Scientific classification
- Kingdom: Animalia
- Phylum: Chordata
- Class: Actinopterygii
- Order: Characiformes
- Family: Characidae
- Genus: Cheirodon
- Species: C. pisciculus
- Binomial name: Cheirodon pisciculus Girard, 1855
- Synonyms: Cheirodon annae McAtee, 1903;

= Cheirodon pisciculus =

- Authority: Girard, 1855
- Conservation status: EN
- Synonyms: Cheirodon annae McAtee, 1903

Species of fish

Cheirodon pisciculus is a species of freshwater ray-finned fish, a characin, belonging to the family Characidae. This species is endemic to Chile.

==Taxonomy==
Cheirodon pisciculus was first formally described in 1855 by the French biologist Charles Frédéric Girard, with its type locality given as ponds in the vicinity of Santiago in Chile. When he described this species, Girard classified it in a new monospecific genus, Cheirodon, making this species the type species of that genus by monotypy. The genus Cheirodon is classified in the subfamily Cheirodontinae, which is classified within the family Characidae in the order Characiformes.

==Etymology==
Cheirodon pisciculus is the type species of the genus Cheirodon, a name which is a combination of the Greek cheír, which means "hand", and "odon", meaning "tooth". This refers to the teeth of this species, which are dilated at their tips with at least five subconoical points on each tooth, with the middle point being longer than the others, showing a resemblance to a hand. The specific name, pisiculus, means "little fish". Girard did not explain this name, but it is thought it applies to the small size of this fish.

==Description==
Cheirodon pisciculus has a maximum standard length of 5.5 cm.

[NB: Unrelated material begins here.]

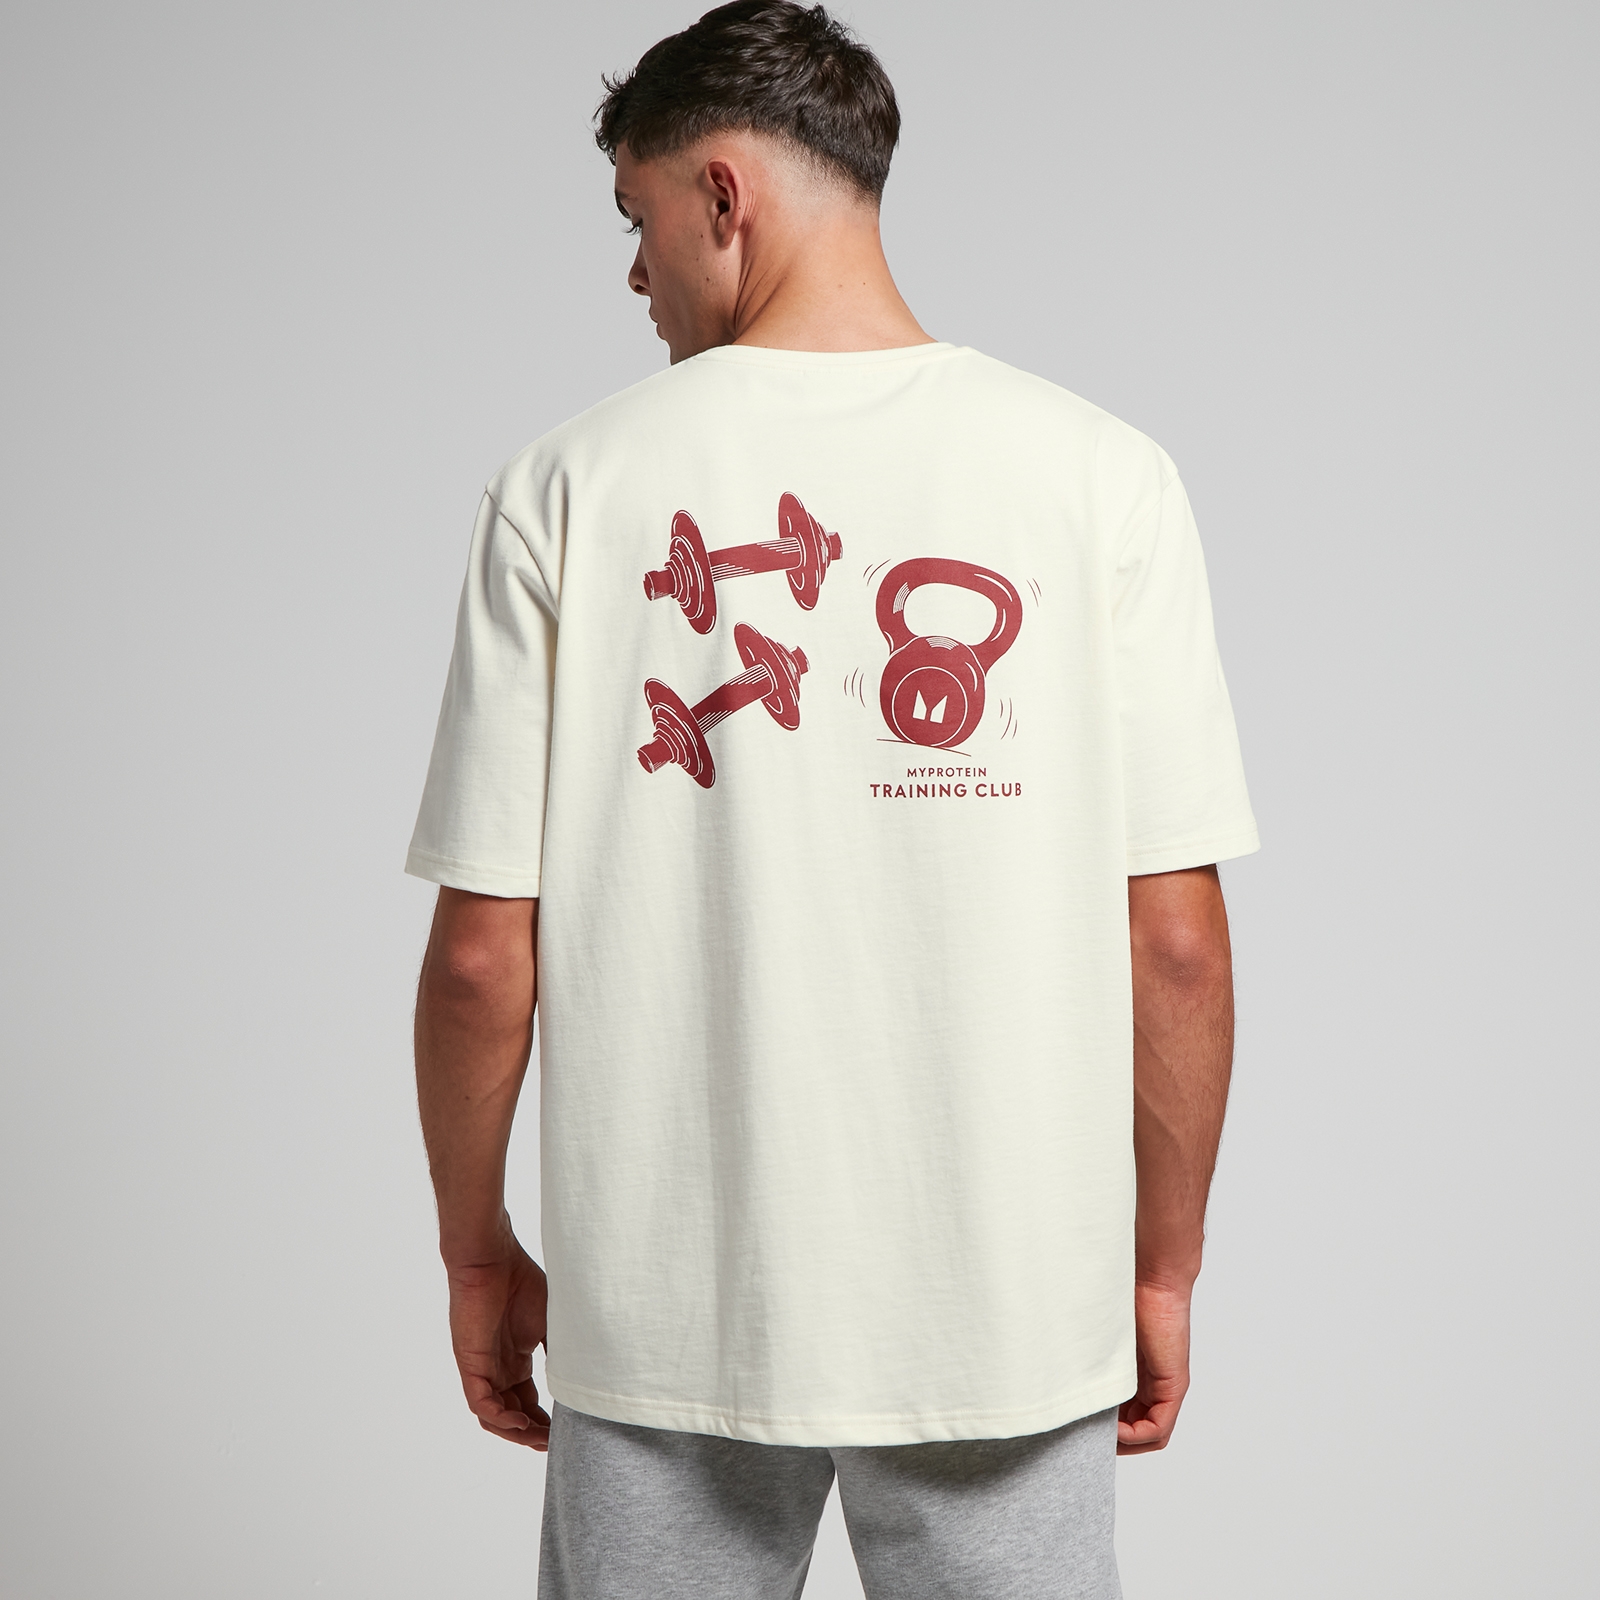 Camiseta extragrande con gráfico Tempo para hombre de MP - Blanco roto/estampado rojo - L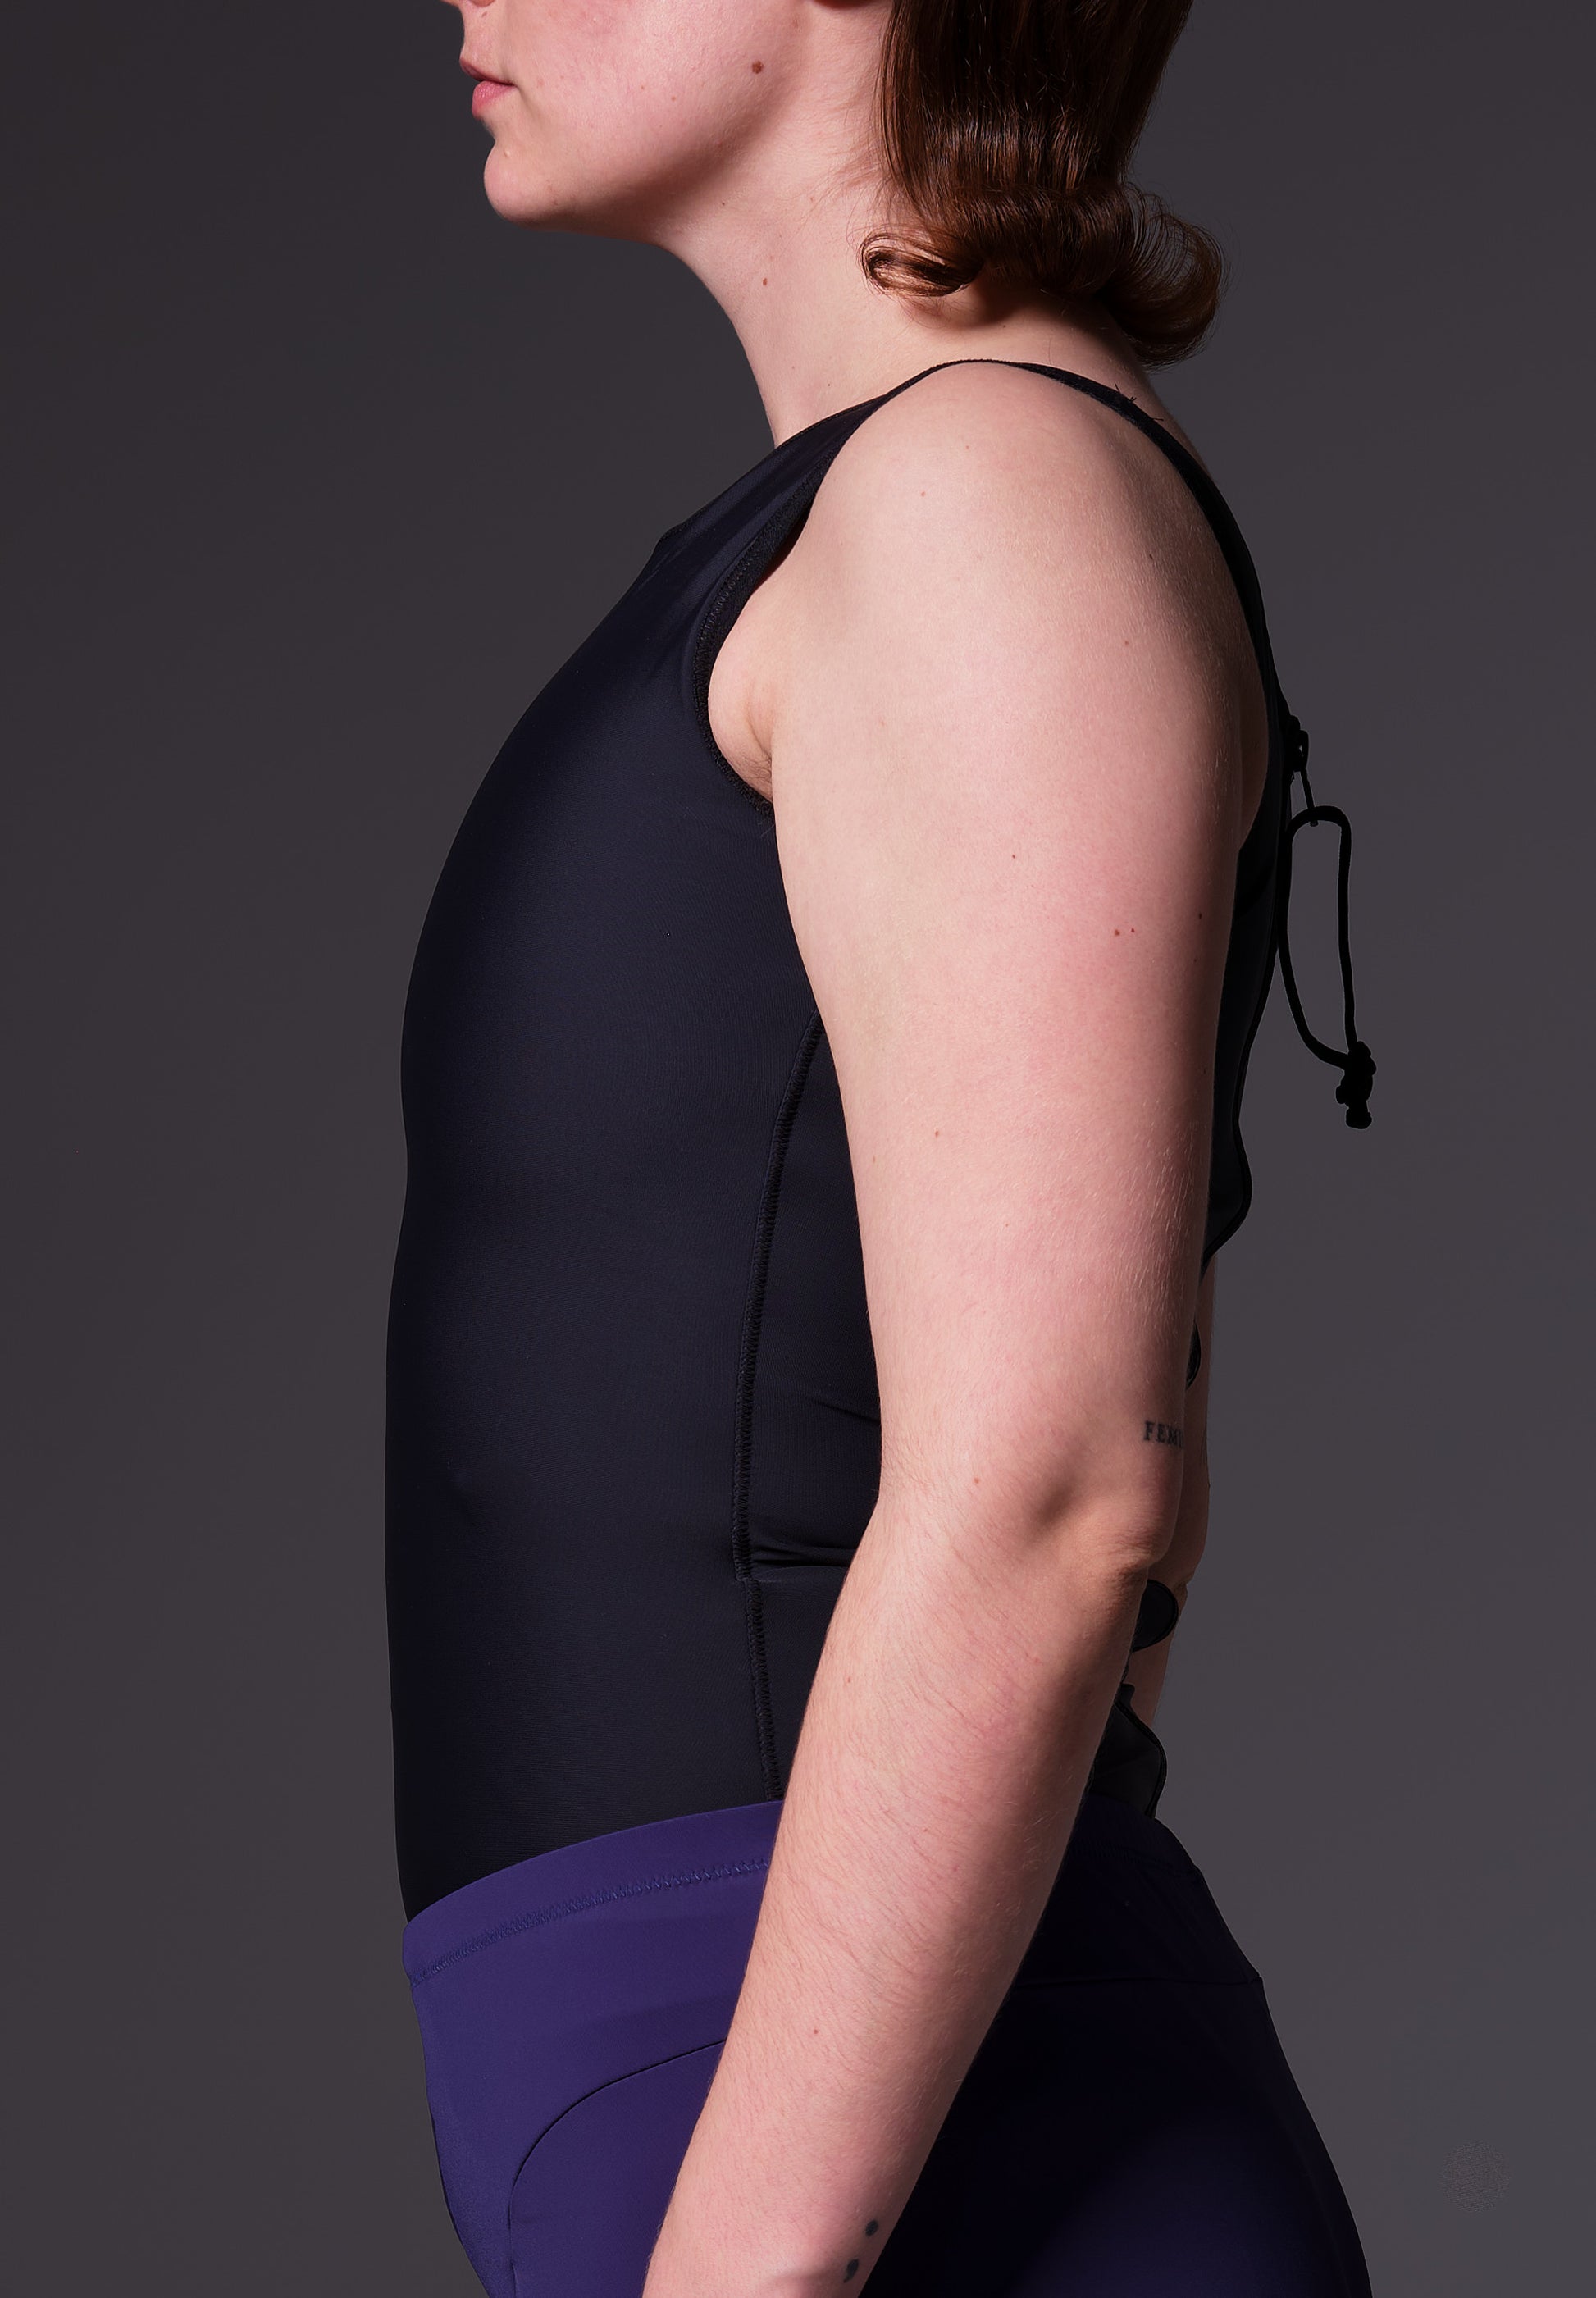 Model Lene is wearing the Swimtop Binder black, seen from the side

==Distribution and habitat==
Cheirodon pisciculus is endemic to Chile, where it is found in the Huasco River basin at 28°S, south to the Rapel River basin at 34°S. This is a common species in pools with a slow or almost no current, such as the backwaters of rivers and shoreline areas of lakes, where there are aquatic macrophytes. Only larger adults are found in areas with a swifter current.

==Conservation status==
Cheirodon pisciculus is classified as Endangered by the International Union for Conservation of Nature. Its range is in an area of high and growing human population, and this species is threatened by habitat degradation due to pollution and hydroelectric developments. An additional threat is the presence of invasive alien fish species such as the common carp (Cyprinus carpio), Eastern mosquitofish (Gambusia holbrooki), brown trout (Salmo trutta), rainbow trout (Oncorhynchus mykiss) and Cheirodon interruptus.